Cyral supports “passthrough” mode. In this mode the sidecar acts as a layer 4 load balancer and forwards requests through to the data endpoint. All analysis, logging, policy evaluation stops. Passthrough mode can be configured via the platform APIs (Please refer to www.cyral.com/docs for details.) Passthrough mode is ideal for troubleshooting performance problems.

Sidecars support fail-open configuration

Cyral sidecars can be deployed in a fail-open configuration. This ensures that if the sidecar becomes unresponsive, the data repository remains available, though without the monitoring and/or protection provided by Cyral.

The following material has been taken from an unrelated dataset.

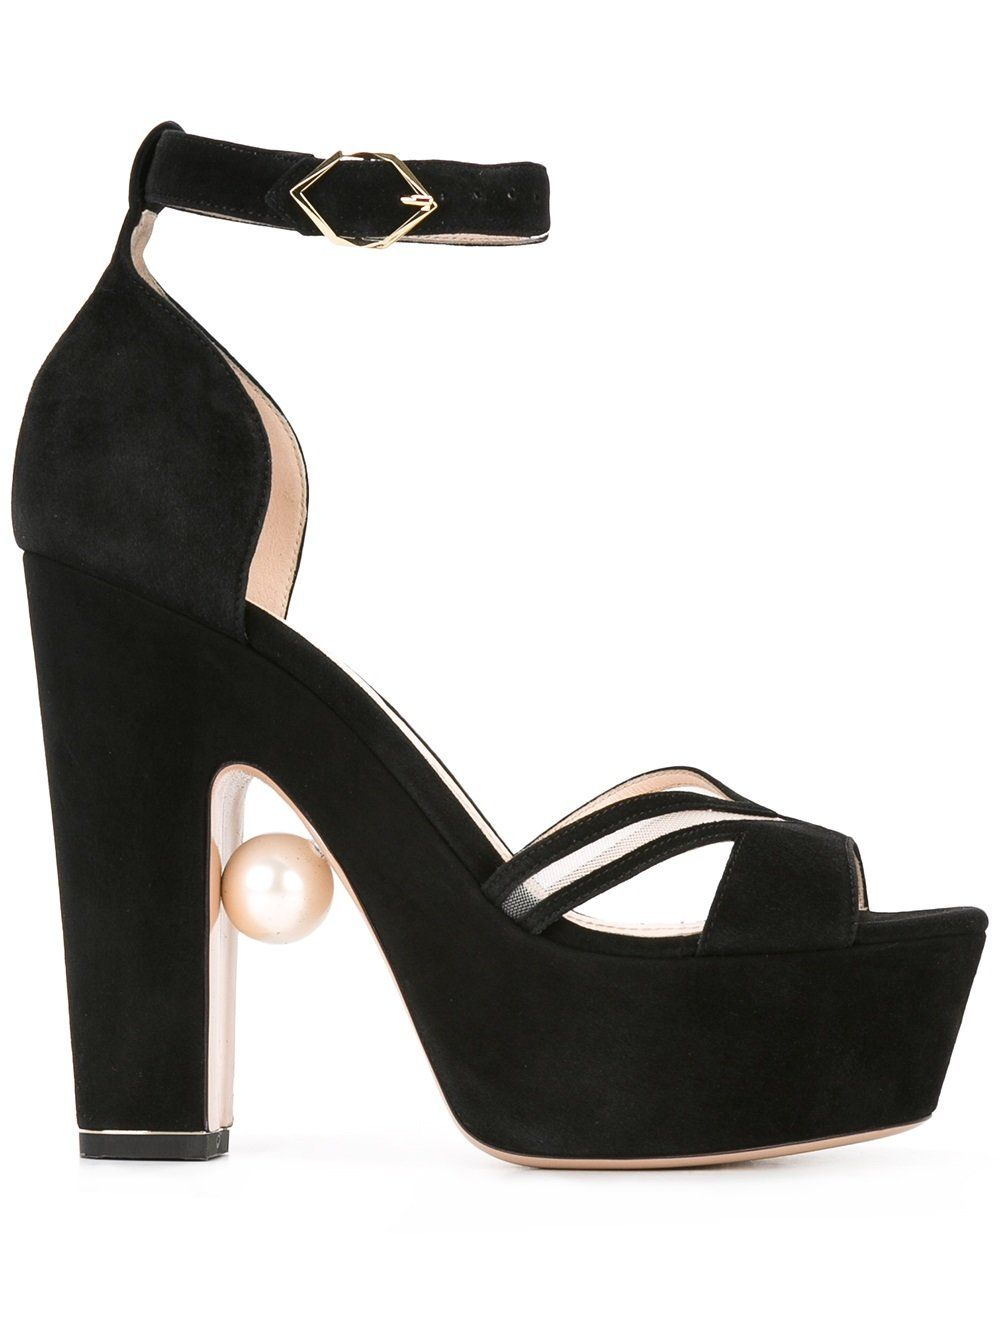 Maya Pearl Platform Sandals 120mm - Black Nicholas Kirkwood Sale Collections Fast Delivery Cheap Online hRPNkW5

This configuration requires setting up active/passive DNS routing failover in your organization’s DNS service. For example, in an AWS deployment, the Amazon Route 53 DNS service can be set up in active-passive failover mode with the Cyral Sidecar as the active member and the RDS instance itself as the passive member. During normal operation, Route 53 routes all traffic to the Cyral sidecar. If the sidecar fails, Route 53 routes traffic to the address listed as the passive member, namely the RDS instance. Since client applications are typically built to retry requests when a connection is dropped, the app will retry until a connection is made and will experience minimal to zero disruption. The diagram below illustrates how this will work.

NORMAL OPERATION

BACKUP OPERATION

On Azure similar capability can be achieved by using Azure DNS and Traffic Manager.